Monday, February 14, 2011

The Power of One (1)

It seems much easier in approaching our work to consider groups of clients and staff rather than relating with each as individuals because it tends to avoid the mess of caring. However, since we have chosen to make people our focus rather than the environment or transactions or accounts, it behoves us to deal with the people we come across as individuals and the clients we serve as unique entities or beings, different from all others, even if they are in the same sector or industry.

This deviates somewhat from what we are taught in B-school, where you need to analyze a whole industry and develop solutions that fit the needs of the industry. As I think of it however, I realize how absurd and contrary to common sense it is to treat all our day care clients as "day cares" or all our co-working space clients as "co-working spaces". Each client is as different as the individuals who comprise it. Each staff is different from the other and therefore have needs that differ from each other.

Our solution is to treat each client as a unique entity comprising unique individuals that should be related with as whole human beings and each staff as an individual unlike any other. This can be potentially messy but it is easier when one operates at a "higher level of being" than mere economic, as beautifully expounded by E.F. Schumacher, in his book, A Guide for the Perplexed. At a higher level of being, it is easy to relate with each client as distinct and with peculiar needs. This can be rewarding financially and intrinsically. Recently, by treating one of our daycare clients (the biggest daycare in Montreal) as a unique entity and not as a "day care", we were able to come up with a solution that was unique to them and ended up becoming a solution multiplier because it solved other internal challenges beyond cleaning, unintended. Beyond the potential economic rewards, this was intrinsically rewarding for the team.
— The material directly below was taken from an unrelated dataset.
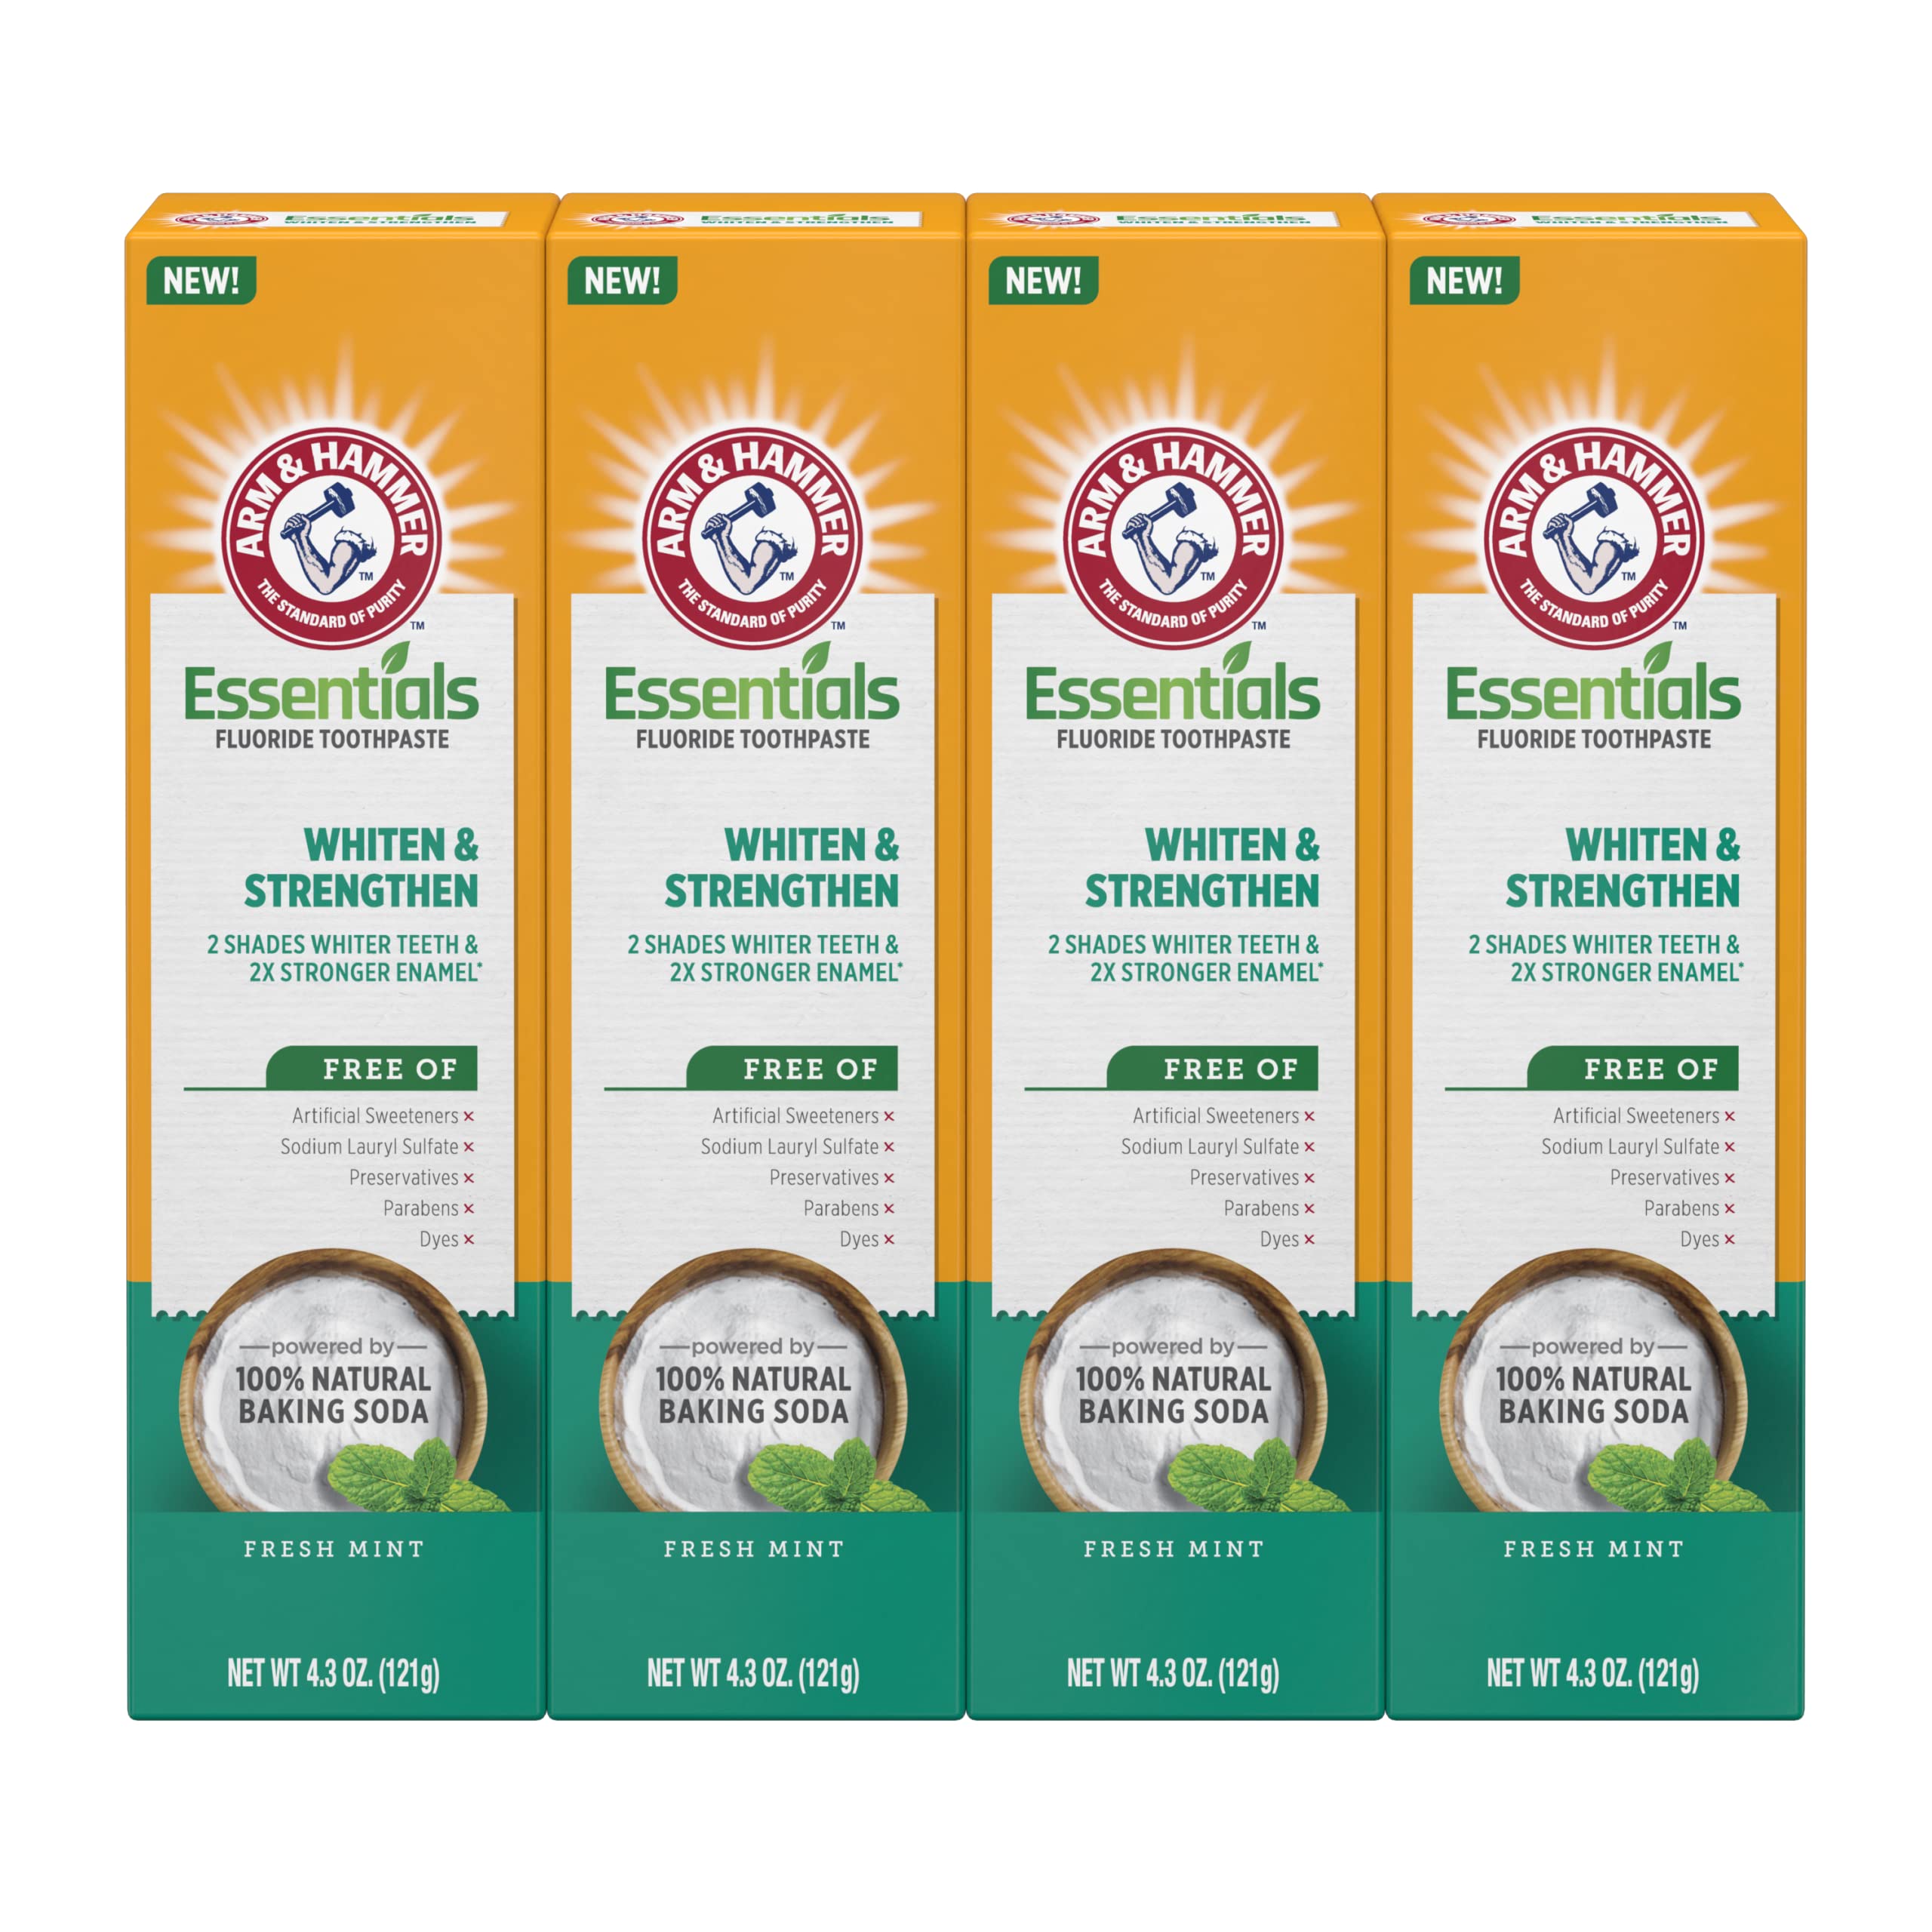 4-Pack 4.3-Oz Arm & Hammer Essentials Whiten & Strengthen Fluoride Toothpaste (Fresh Mint) $9.21 w/ S&S + Free Shipping w/ Prime or on orders over $35

Staff members too are related with as individuals, unique and whole beings too complex to be generalized and so complex that our spirits, not just our heads need to be the arena of engagement. No one who works with Zenith Cleaners is a "cleaner" in the traditional sense and even if they were, they are whole beings whose lives have to do with much more than cleaning. It is a privilege to relate with them as such and it is easier to genuinely care when we relate with them, not as "employees", here to do a job and get paid, but engage with each other as human beings whose lives intersect at this point in time but will not forever. We will therefore celebrate each other one to one and the work we do today.